|
«Плач
палача»
Палач не
придет
Поставь Марк Захаров свой спектакль тридцать лет назад,
случился бы страшный скандал. «Плач палача» моментально бы закрыли, но
счастливцы, успевшие побывать на генеральной,
раструбили бы о нем по всему свету. МК КПСС собралось бы на срочное совещание,
чтобы обсудить, как докатился до жизни такой главреж театра им.Ленинского комсомола. Впрочем, с поста главрежа Захарова
сняли бы незамедлительно. А еще влепили бы строгача по
партийной линии, или вообще заставили бы положить на стол партбилет, который он
так эффектно сжег после путча.
Но тридцать лет назад Захаров ставил «Автоград XXI», а «Ночной разговор»
Фридриха Дюрренматта и «Эвридику» Ануя, которые объединил сегодня в «Плаче
палача», почитывал для своего удовольствия. И вот наконец-то, настал подходящий
политический момент, чтобы обличить власть имущих, воззвать к совести
современников и бросить в зал железные слова, облитые горечью и злостью.
Страна развалена, униженный народ прозябает под властью ворюг и кровопийц, население не желает размножаться, а
если уж пытается, то порождает только даунов и маньяков. Это только
небольшая часть обвинений, которые предъявляют соотечественникам Писатель
(Александр Лазарев) и Палач (Александр Абдулов). На самом деле, палач пришел к
художнику слова, чтобы отправить его на тот свет. Но вместо этого враги выпили
водочки, подробно перемыли косточки руководству страны и обнаружили друг в
друге родственные души. Палач растрогался и дал творцу шанс прожить еще одну
жизнь.
Тут пьеса Дюрренматта заканчивается и начинается пьеса Ануя.
Александр Лазарев, похлопав ресницами, обнаруживает себя уже не писателем, а
музыкантом. Его зовут Орфей, он только что влюбился в Эвридику (Мария
Миронова). Ему предстоит пережить ее гибель и попытаться вызволить из ада, -- и все это под неусыпным наблюдением Палача, который
сменяет свой черный камуфляж на белый плащ от Боско ди Чильеджи, а роль
наемного убийцы на амплуа всезнающего божества.
Этот философский сюжет, который Марк Захаров хотел сначала
назвать менее эффектно, но более точно – «Метаморфозы» -- актеры
разыгрывают с пафосом, достойным «Диктатуры совести». Они не смотрят друг на
друга, не общаются с партнером, только выкрикивают в микрофон диссидентские
реплики и митингуют, как Валерия Новодворская.

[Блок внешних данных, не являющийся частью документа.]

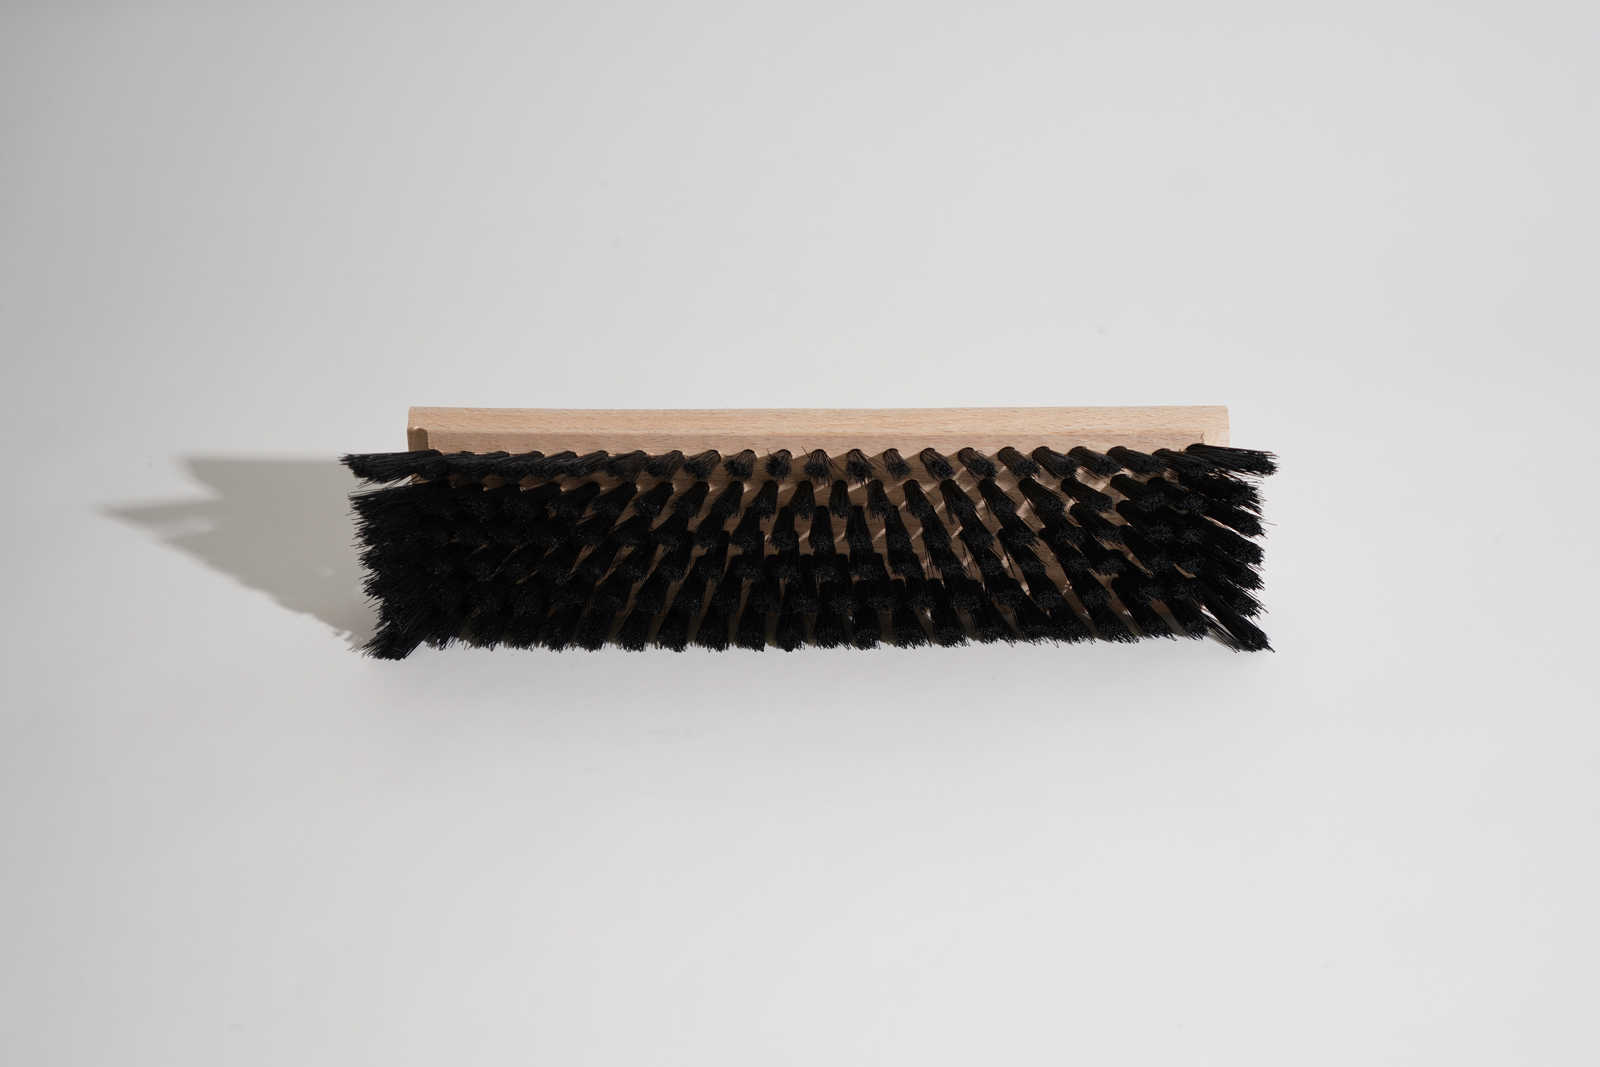             Behangersborstel 23,5cm x 6cm gemaakt van hout met synthetische haren

Ближе к концу Ануй и Дюрренматт расходятся в разные стороны,
и Захарову приходится сшивать драматургов репликами собственного сочинения. Звучат они вполне косноязычно, зато отражают правильное
понимание политической ситуации. С грацией необыкновенной Захаров обходит все
проклятые вопросы, умудряясь и напугать своих зрителей и тут же им польстить.
«Быдло!» -- обращается в зал Александр Абдулов, но тут
же надевает маску гражданской скорби и призывает нас «не обрывать последнюю
нить своего державного достоинства».
К сожалению, худрук «Ленкома» слишком долго копил свое гражданское
негодование. Он не заметил, что высказываться на тему ворюг
и кровопийц уже можно от своего имени, не камуфлируя обличения именами
французских экзистенциалистов. Он не обратил внимания на то, что обличения
жирующей власти дико звучат из уст актеров, одетых в тысячедолларовые костюмы. Он
упустил из виду, что современный деятель искусства и мечтать не смеет о том,
что к нему придет посланец власти и сообщит, что «наверху» его решили убить.
Сегодня Орфея куда легче купить, чем убить, и продаются творцы совсем недорого.
И самое главное: Захаров не заметил, что жанр политического театра скончался,
всеми позабытый. Если он и возродится, то точно не в «Ленкоме».